Question

A rod of negligible heat capacity has length 20 cm, area of cross section $1.0c{{m}^{2}}$ and thermal conductivity $200W{{m}^{-1}}^{o}{{C}^{-1}}$. The temperature of one end is maintained at ${{0}^{0}}C$and that of the other end is slowly and linearly varied from ${{0}^{0}}C$ to ${{60}^{0}}C$ in 10 minutes. Assuming no loss of heat through the sides, find the total heat transmitted through the rod in these 10 minutes.

Answer 1

To solve this question, we need to use the concept of heat capacity and heat transfer.
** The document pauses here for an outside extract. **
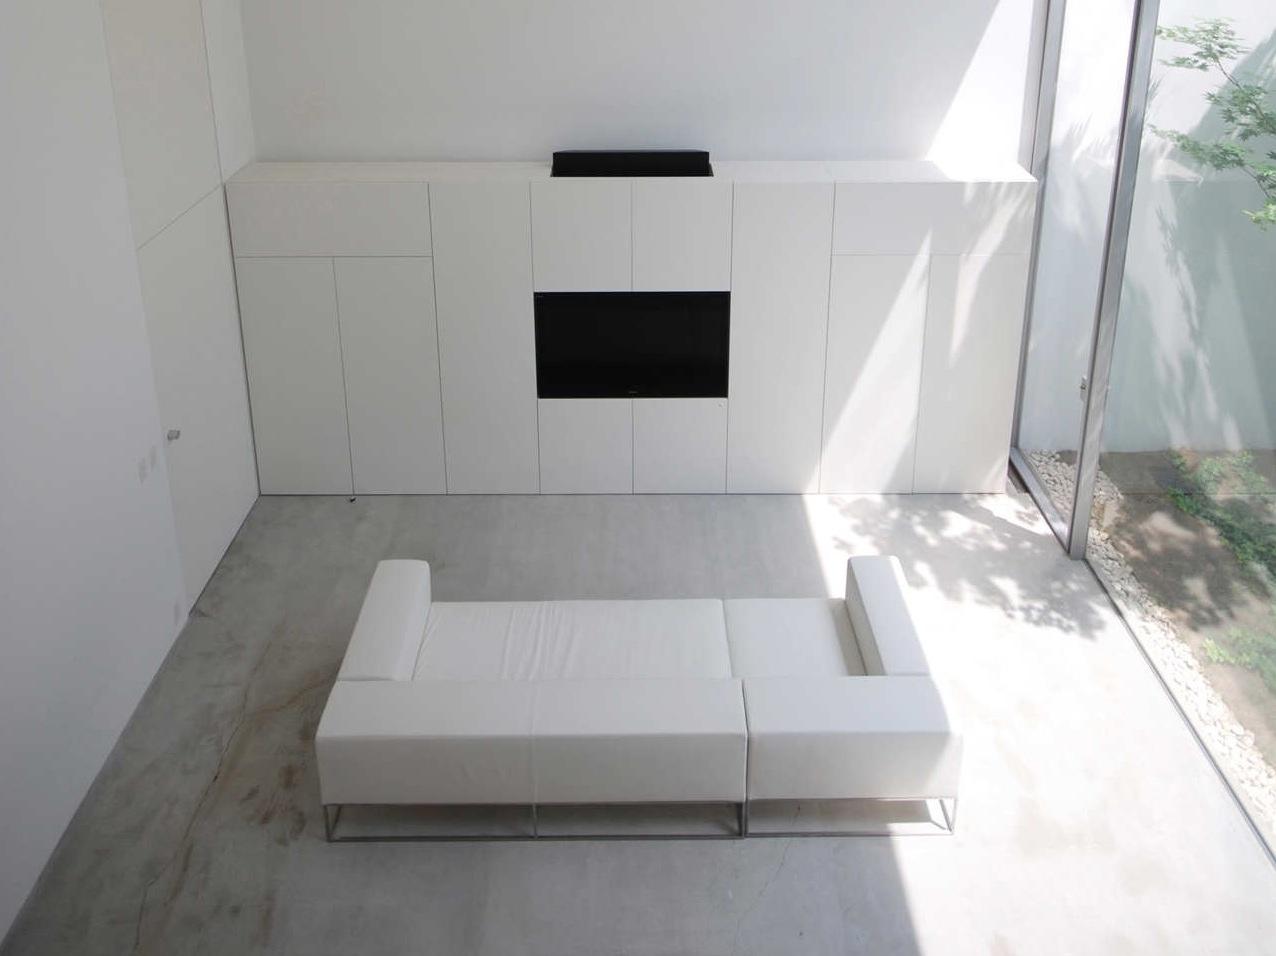 Architext by arrol gellner for Minimalist living in an rv

The heat capacity is defined as the amount of heat required to raise the temperature of one gram of substance by one degree Celsius. Find the rate of change of temperature and then find the heat transmitted using the discrete summation.

Complete step-by-step answer:
Given, the length of the rod is $l=20cm=0.2m$
The cross-sectional area of the rod is $A=1.0c{{m}^{2}}={{10}^{-4}}{{m}^{3}}$
Thermal conductivity k is given as, $k=200W{{m}^{-1o}}{{C}^{-1}}$
The temperature of one end of the rod is ${{0}^{0}}C$ and the temperature of the other end is linearly varies from ${{0}^{0}}C$ to ${{60}^{0}}C$ in 10 minutes.
So, the rate of change of temperature is,
$=\dfrac{\Delta T}{\Delta t}=\dfrac{60-0}{10\times 60}={{0.1}^{o}}C/s$
Now, the rate of heat transmitted through the rod can be mathematically expressed as,
$\dfrac{\Delta Q}{\Delta t}=\dfrac{\Delta TkA}{l}$
Where, $\Delta Q$ is the amount of heat transmitted, $\Delta T$ is the change in temperature, k is the thermal conductivity, A is the cross sectional area of the rod and l is the length of the rod.
So, the heat transmitted can be defined as
$Q=\sum{\dfrac{\Delta TkA}{l}\Delta t}$
Discretely, we can define the heat transferred for each small interval of time. Considering the time interval as $\Delta t=1s$, from the rate of increase of temperature, we can define that $\Delta T\Delta t$ will increase by o.1 each time.
So,
$\begin{aligned} & Q=\dfrac{kA}{l}\times 0.1+\dfrac{kA}{l}\times 0.2+\dfrac{kA}{l}\times 0.3+........+\dfrac{kA}{l}\times 60 \\\ & Q=\dfrac{kA}{l}\times \left[ 0.1+0.2+0.3+.....+60 \right] \\\ \end{aligned}$
Now, from the series summation and the sum of n terms of AP, $S=\dfrac{n}{2}(a+{{a}_{n}})$
For the series $0.1+0.2+0.3+.....+60$, the summation of the series is,
$0.1+0.2+0.3+.....+60=\dfrac{600}{2}\left( 0.1+60 \right)=300\times 60.1$
So, the heat transmitted is,
$\begin{aligned} & Q=\dfrac{200\times {{10}^{-4}}}{0.2}\times 300\times 60.1 \\\ & Q=1800J \\\ \end{aligned}$
The total heat transmitted is 1800J.

Note: Heat can be measured as the total internal energy of the system. The dependence of heat energy with temperature can be defined in terms of the physical quantities specific heat capacity and the heat capacity of the system.